À mon sens, ce décret peut être amélioré en élargissant la possibilité de choix des parents. À condition évidemment de respecter ses deux objectifs initiaux, à savoir un souci de transparence et d’égalité à travers un formulaire d’inscription unique. Aujourd’hui, 90 % des enfants sont inscrits dans l’école de leur premier choix en Fédération Wallonie-Bruxelles. Mais pour éviter les polémiques, l’une des solutions passe par la création de places avec des projets pédagogiques qui répondent au choix des parents et des enfants. Si on opère des modifications, je ne veux évidemment pas prendre ces derniers par surprise. On ne peut pas, d’une année scolaire à l’autre, changer les règles du jeu. Pour le chH, la liberté de choix des parents est un élément essentiel. À Bruxelles, à cause du boom démographique et surtout de son manque d’anticipation, la tension est telle que les parents n’ont plus cette possibilité de choix.

L’une des solutions passe par la création de places avec des projets pédagogiques qui répondent au choix des parents et des enfants.

Au sujet de l’éducation affective et sexuelle (ÉVRAS), cinq organisations de jeunesse politiques (DéFI Jeunes, Écolo J, Jeunes cdH, Jeunes MR et Jeunes socialistes) estiment qu’il serait inconcevable d’en faire l’impasse dans le Pacte d’excellence. Or, pour l’instant, elle en est absente. Et du propre aveu des acteurs de terrain, son application est inconstante…

Pourtant, l’ÉVRAS fait bel et bien partie des missions de l’école.
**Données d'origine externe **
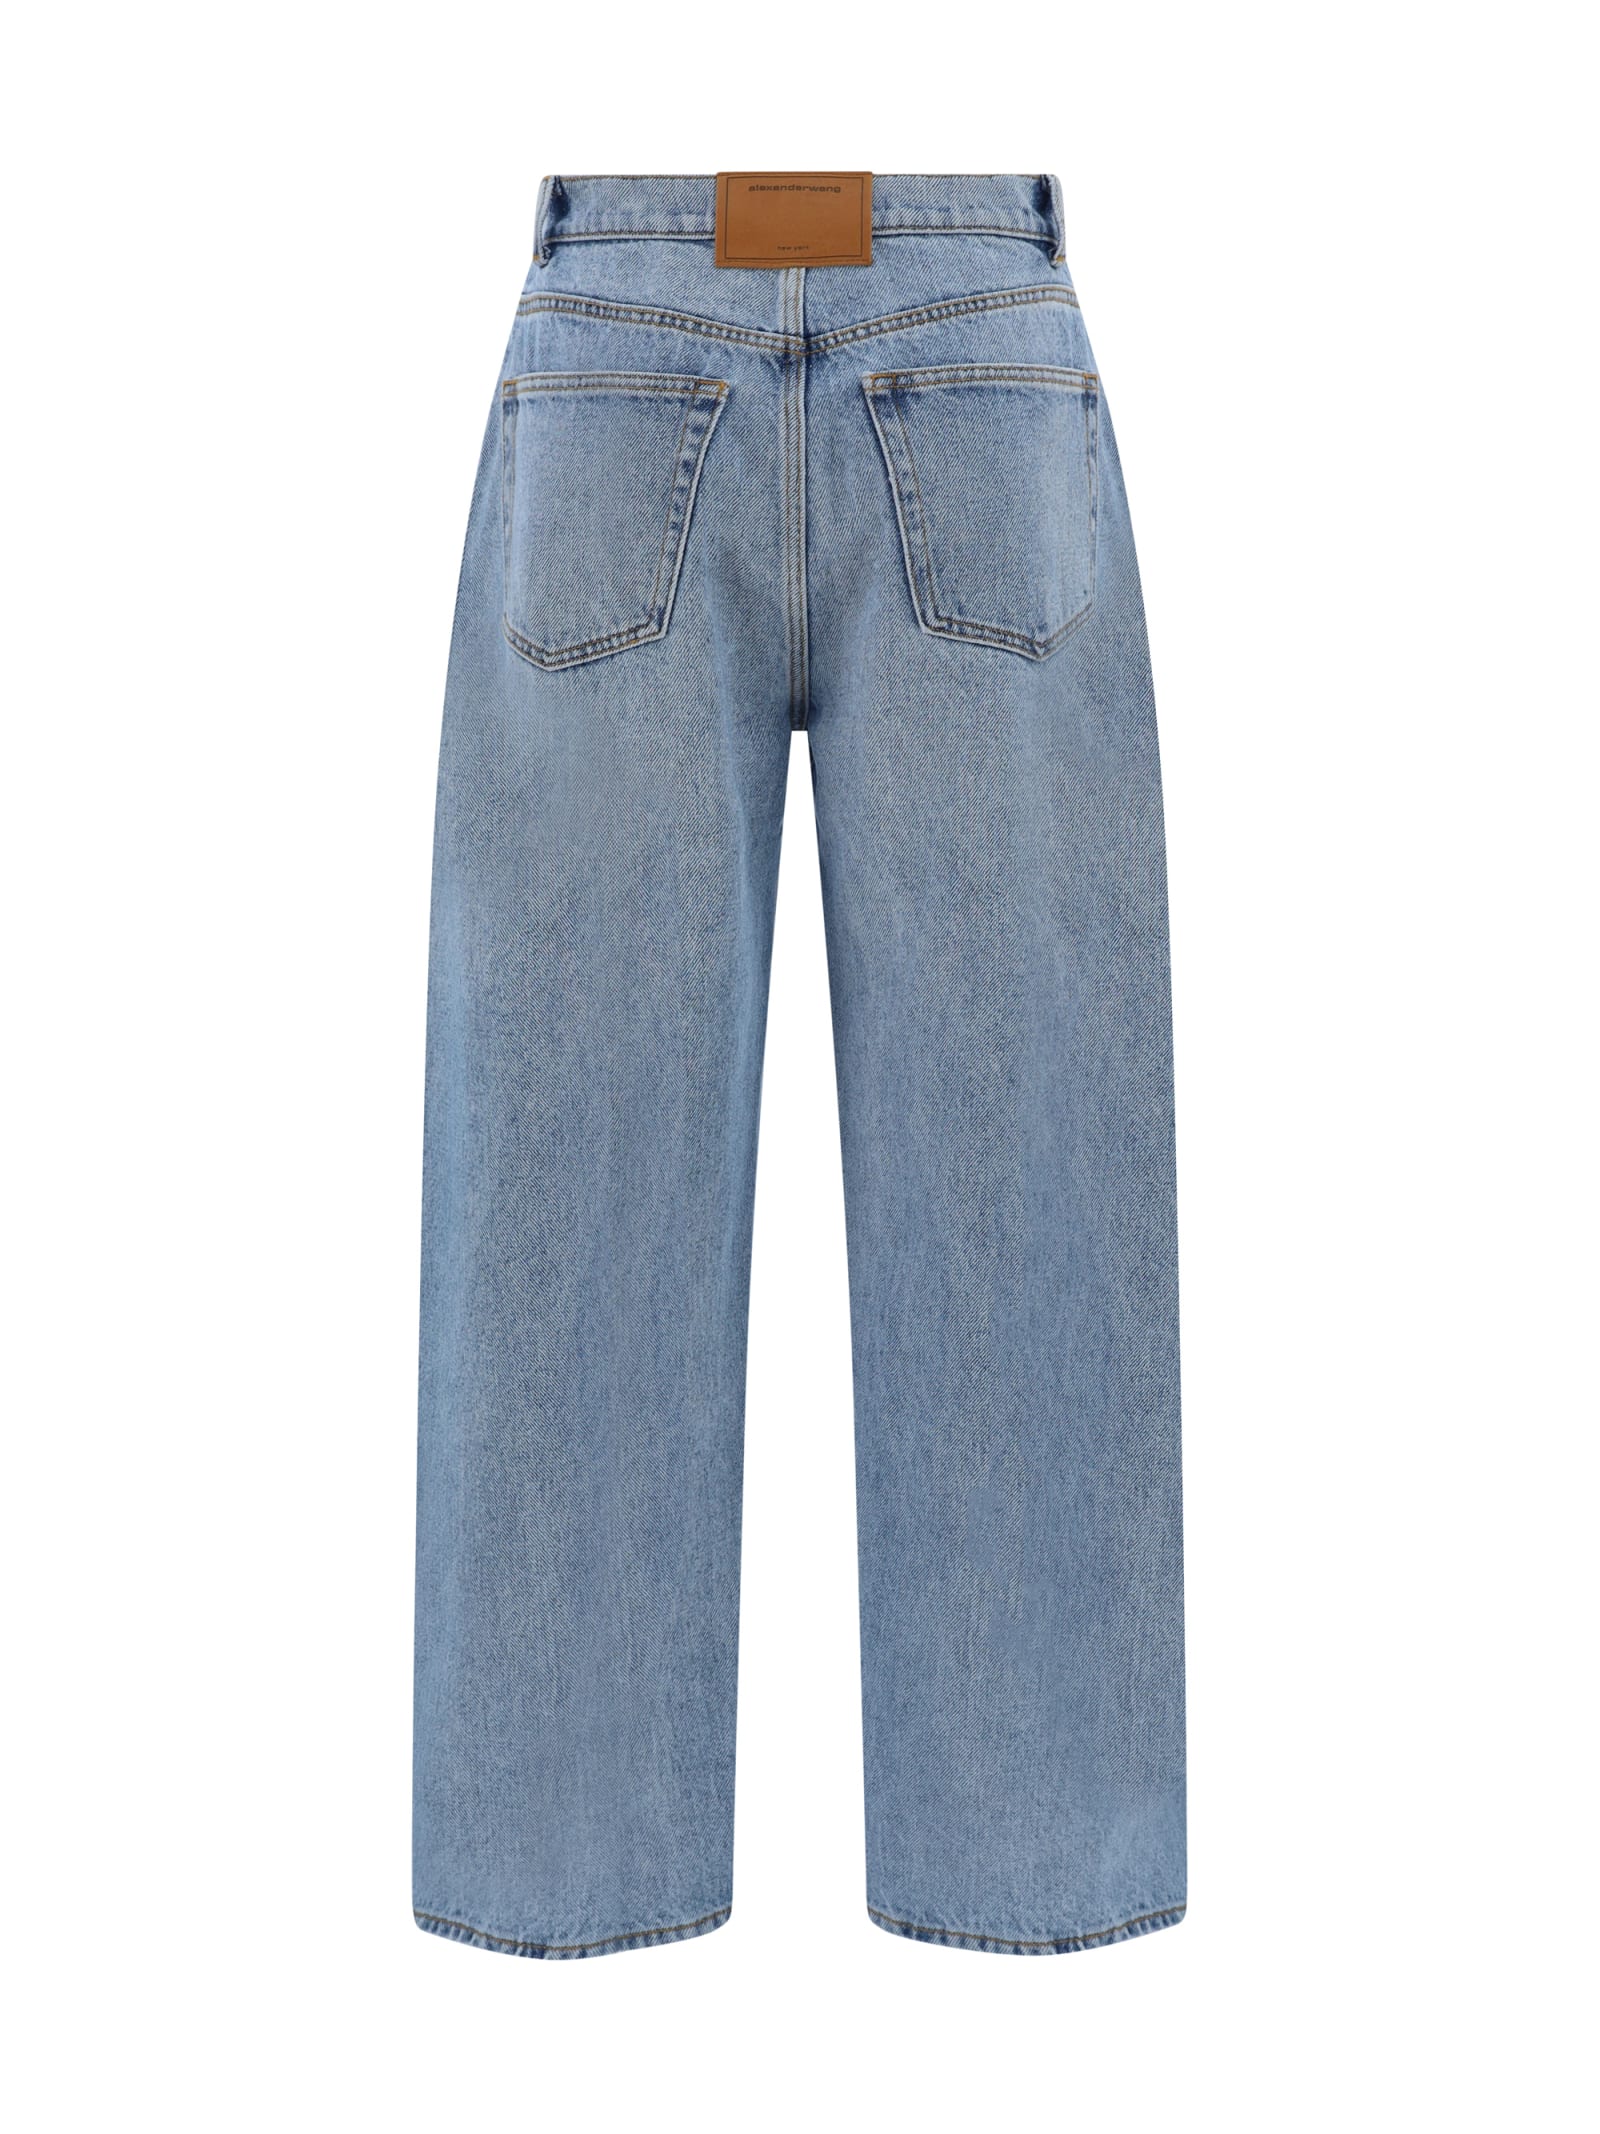 Shop Alexander Wang Jeans In A Classic Light Indigo

Mais les écoles sont libres – et je reste profondément attachée à cette liberté pédagogique – de l’organiser selon leur réalité propre. Sur le terrain, 73 % des écoles gèrent l’ÉVRAS avec les centres PMS ; 61 % d’entre elles font aussi appel aux plannings familiaux comme opérateur pour venir au sein de l’école et mener un travail de sensibilisation auprès des élèves. C’est un bon signal. Ce n’est pas parce qu’on ne retrouve pas nommément l’ÉVRAS dans le Pacte d’excellence qu’il n’est pas présent de façon transversale dans ses objectifs comme à travers la question du bien-être à l’école ou celle du harcèlement, par exemple. Il y a aussi énormément d’outils de sensibilisation qui sont référencés et à disposition des enseignants. Mais comme il a été initié en 2012, il faut encore laisser le temps aux écoles de se l’approprier.
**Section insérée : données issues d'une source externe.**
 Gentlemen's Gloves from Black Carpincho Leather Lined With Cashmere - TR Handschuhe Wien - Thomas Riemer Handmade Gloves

C’est un sujet qui revient souvent sur la table à savoir que l’école est censée être gratuite en Belgique. Pourtant à chaque rentrée, les familles doivent débourser pas mal d’argent, pour la cantine par exemple, mais pas seulement. Ces montants varient grandement d’un établissement à l’autre. Est-ce que cette situation peut continuer?
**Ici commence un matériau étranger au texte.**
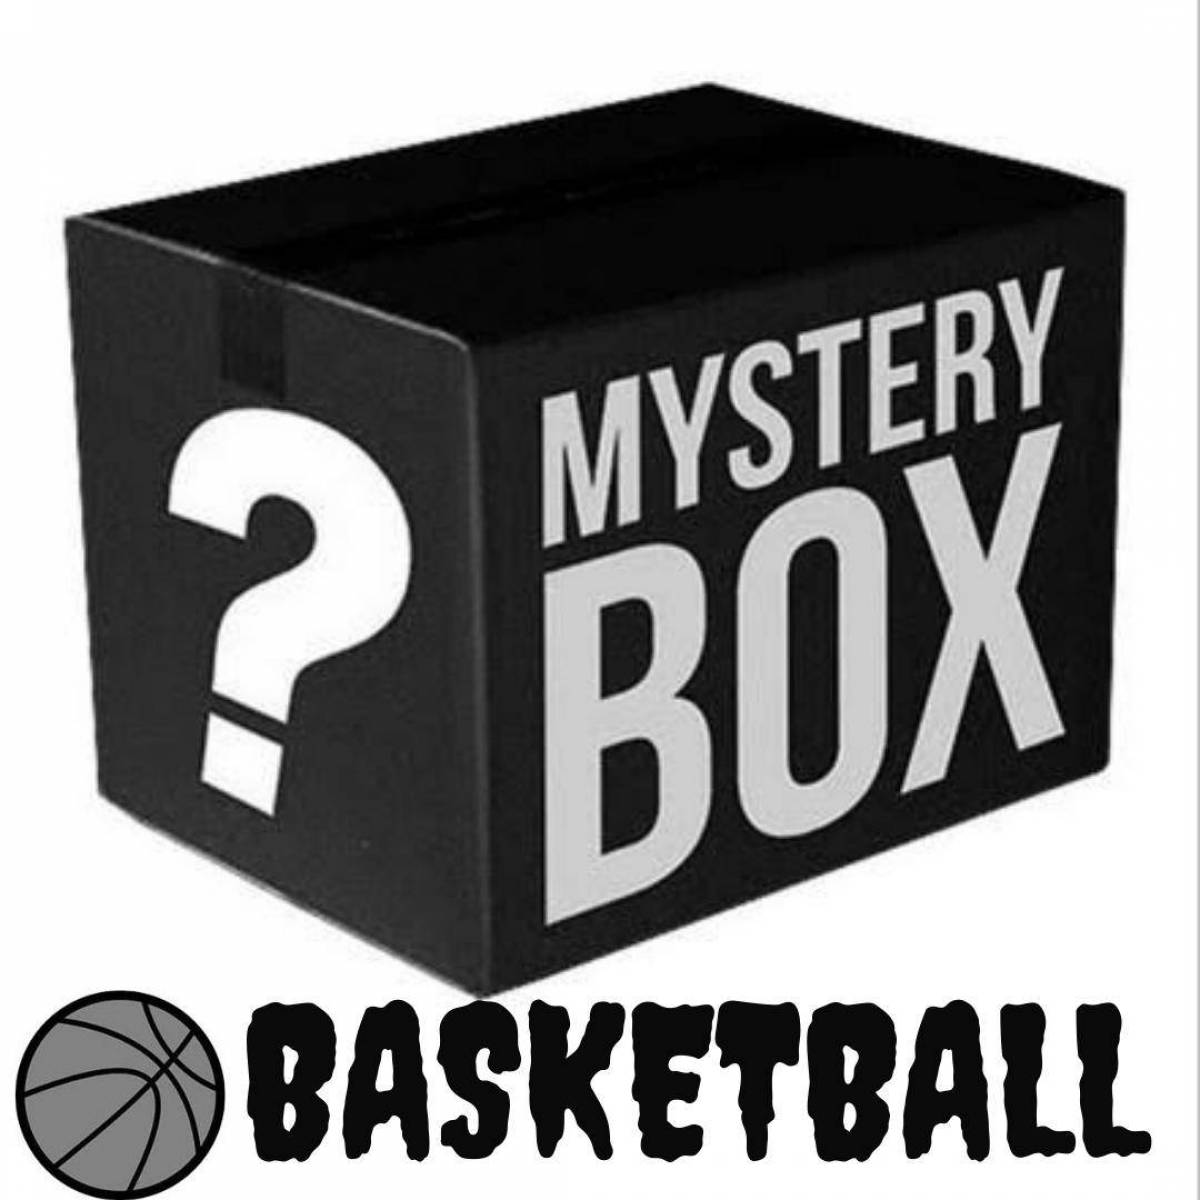 Charon's enchanting mystery box

De notre côté, notre volonté est d’avoir plus de transparence sur ces montants demandés par les écoles. Il y a déjà eu des améliorations par rapport à ces dernières années. La Ligue des familles a reçu notre soutien pour réaliser une enquête à ce propos. À l’intérieur du pacte lui-même, des propositions sont faites pour tendre vers la gratuité, en commençant par le maternel. Mais les experts du pacte rappellent toutefois qu’il faut tenir compte des différences de financement entre les réseaux et qu’on ne peut pas passer cette réalité sous silence.